Based on the writing, the fandom continuously wonders if Ser Duncan the Tall was a knight by title or self-entitled.

Was Ser Duncan the Tall a knight?
Art by Amino Apps

The introduction of Ser Duncan the Tall to the reader is not done without pain and turmoil. Evidently, George R.R. Martin maintains his passion for writing about the “human heart in conflict”.

The author has always left it clear to the fandom that writing about the human heart in conflict with itself is the only thing worth writing about

Ser Duncan is first presented as “Dunk”. As he lays his former master, Ser Arlan of Pennytree, to rest, he considers his prospects and thinks he can find another knight to squire for: "I could find another hedge knight in need of a squire to tend his animals and clean his mail, he thought, or might be I could go to some city, to Lannisport or King's Landing, and join the City Watch. Or else . . ." He takes his former master’s belongings and makes them his own – not as theft, but rather as a conscientious choice: 'it won’t serve him, it can serve me' – and while collecting the items and considering the sword, which would fit his hand just as well as it fit Ser Arlan’s before him, he thinks of the Tourney of Ashford Meadow which is the one they were going to when Ser Arlan unexpectedly died. From that moment on, Ser Duncan introduces himself as a “Knight”: "The blade was straight and heavy, good castle-forged steel, the grip soft leather wrapped over wood, the pommel a smooth polished black stone. Plain as it was, the sword felt good in his hand, and Dunk knew how sharp it was, having worked it with whetstone and oilcloth many a night before they went to sleep. It fits my grip as well as it ever fit his, he thought to himself, and there is a tourney at Ashford Meadow."

A young man of 16 or 17 (nobody knows which) who remembers mischievously selling rats at shops in Flea Bottom so they can make the “brown” (a stew for the poor made in the slums of Kings Landing - usually consists of unrecognizable pieces of meat, barley, carrots, and any other ingredients that they have on hand.) until Ser Arlan takes him in to substitute his squire who had perished. While raising Dunk, Ser Arlan teaches him valor, honour and inspires the boy to follow a positive path. Evidently, Ser Arlan, as the knight, made sure that Dunk was fed and trained as well as he guaranteed the boy safety and a better life he would have had on the streets of Flea Bottom, while showing him that, as the knight, he himself was not to sacrifice his comforts for the boy. It was Ser Arlan who had the first choice of meat, the best bed and the money. As Dunk thinks, he leads the reader to the possibility that he isn’t really a knight, although he was trained to one day become one.

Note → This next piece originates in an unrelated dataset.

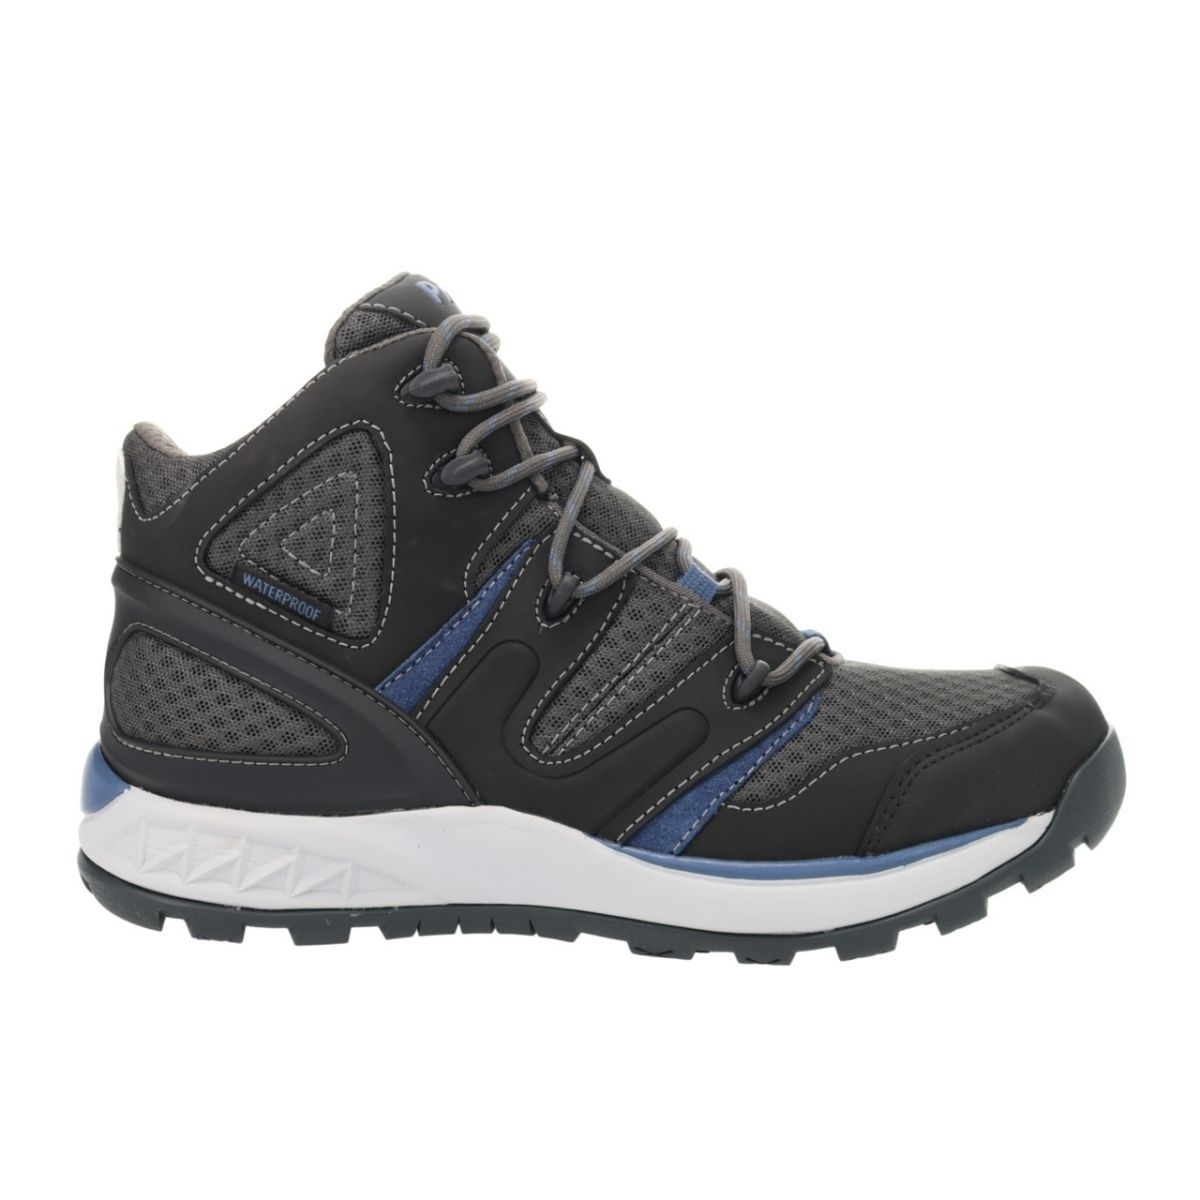 Propet Men's Veymont Waterproof Hiking Boot Grey/Blue - MOA022SGRB GREY/BLUE - GREY/BLUE, 9 XX-Wide

When he finally meets “Egg”, Dunk takes him for a stableboy and tells him: “I am a knight”. But his knighthood came without any consideration for what he would be called or how to go about it. That might be the only unreasonable part of the story when considering how meticulous the writer tends to be. Evidently, throughout his life growing up to one day become a knight, Dunk would have considered, even dreamed of how he would be called, so not having a name to give was unrealistic, but considering again the writer, it was probably done so to offer the reader the idea that, had Ser Duncan been dubbed ‘Knight’ by Ser Arlan, he would have picked a name. That was part of the ceremony.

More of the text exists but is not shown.